Pictures stay out of the copy. Retype exactly the lines below from the one with "Stroll through the Marburg Christmas market" through the one with "Scuba Diver Statue".

──────── Material for this exercise

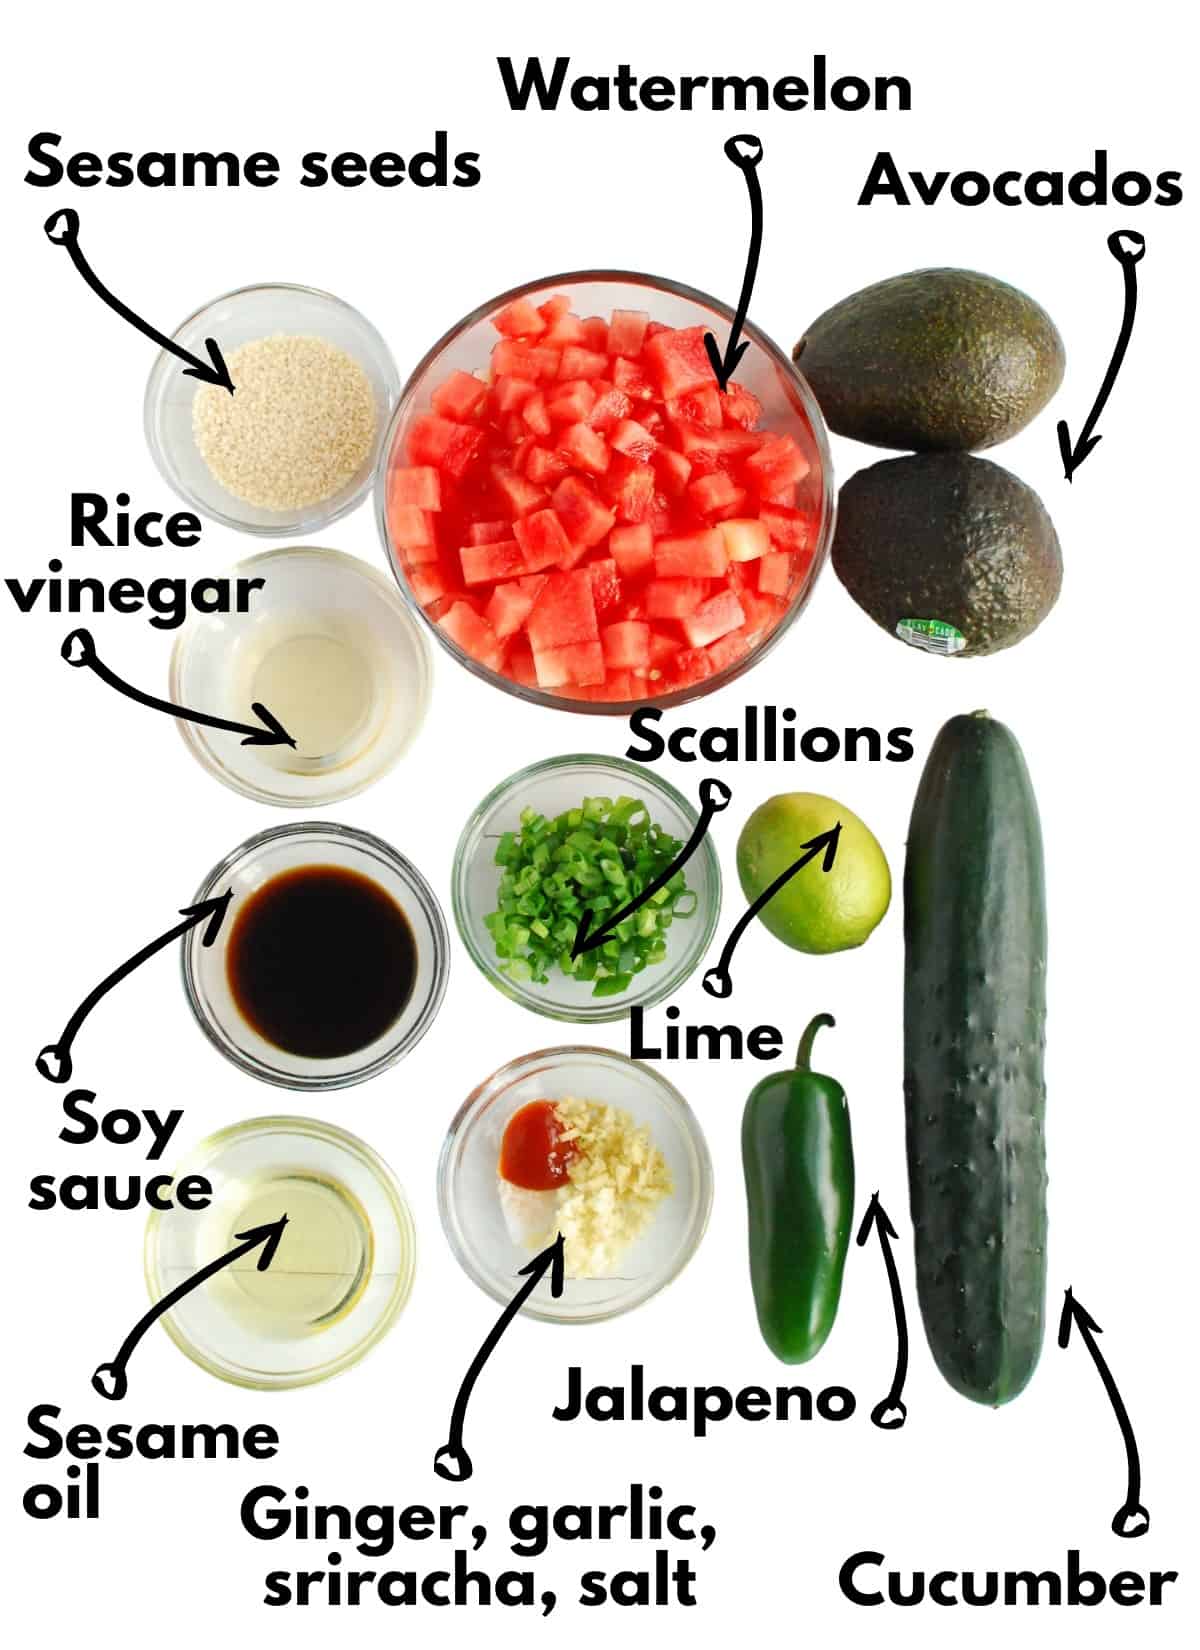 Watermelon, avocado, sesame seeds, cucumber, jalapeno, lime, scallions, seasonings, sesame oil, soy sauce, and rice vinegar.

────────────────
──────── Material for this exercise

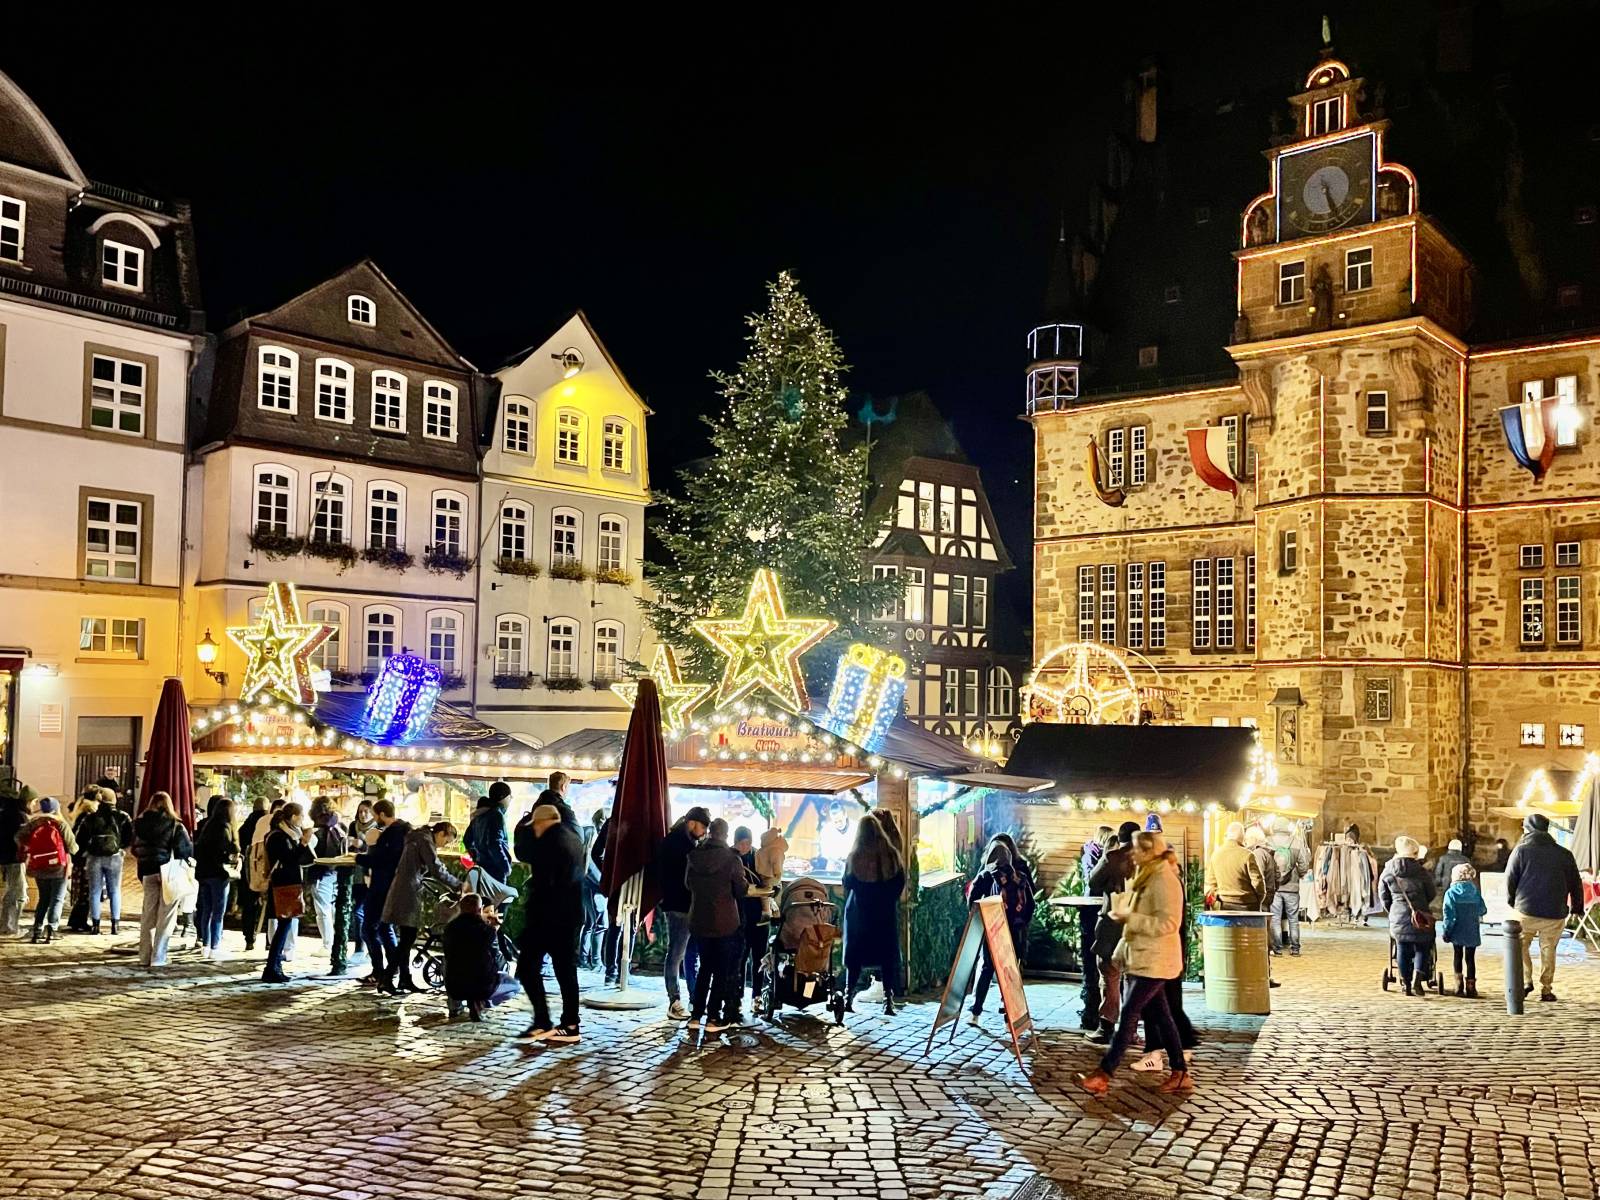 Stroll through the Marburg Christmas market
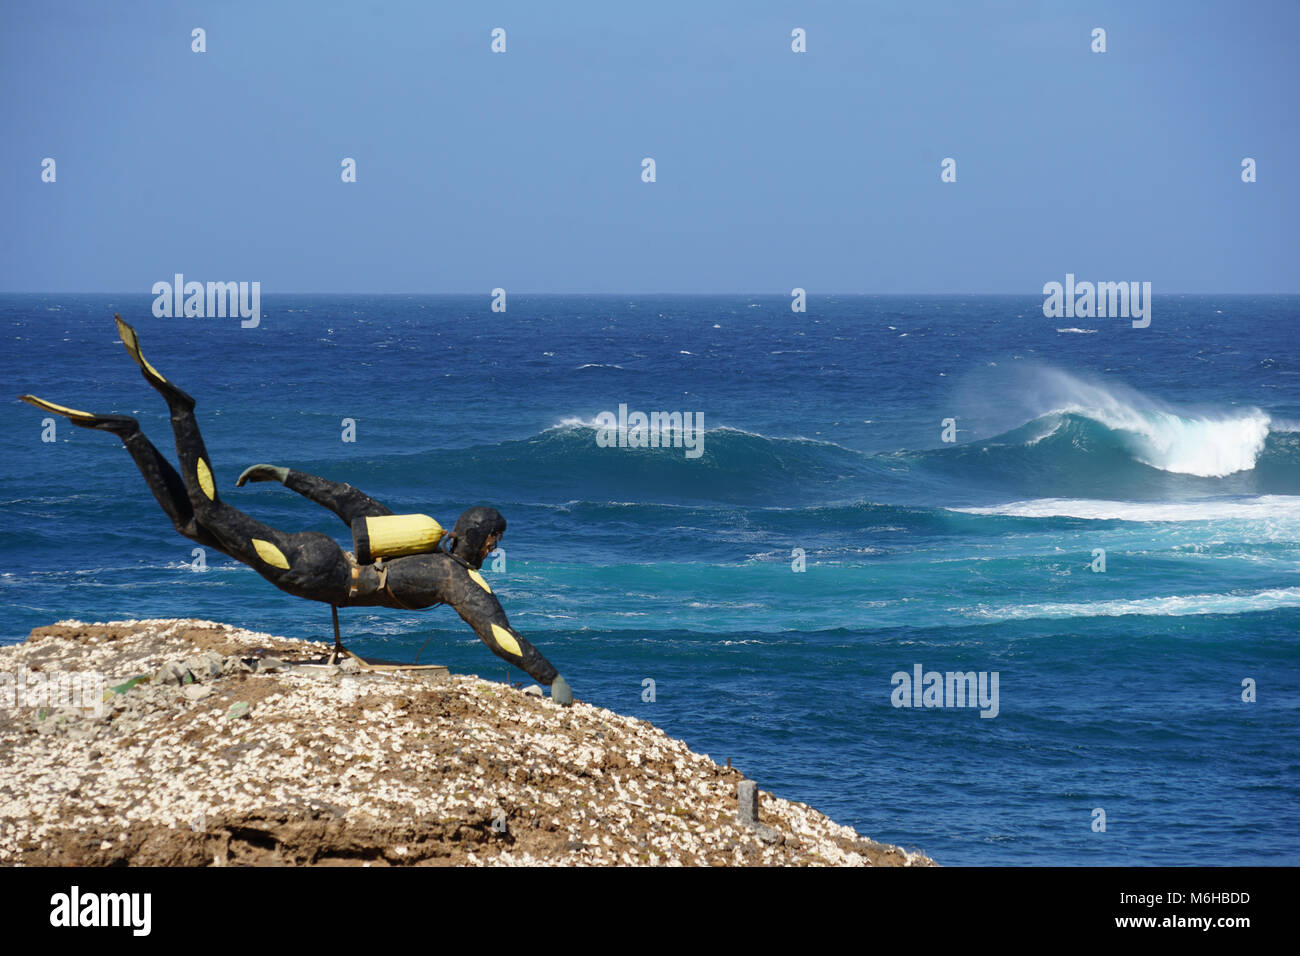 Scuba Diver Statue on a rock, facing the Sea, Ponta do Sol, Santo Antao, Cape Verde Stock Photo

────────────────

Response for this exercise:
 Stroll through the Marburg Christmas market
 Scuba Diver Statue on a rock, facing the Sea, Ponta do Sol, Santo Antao, Cape Verde Stock Photo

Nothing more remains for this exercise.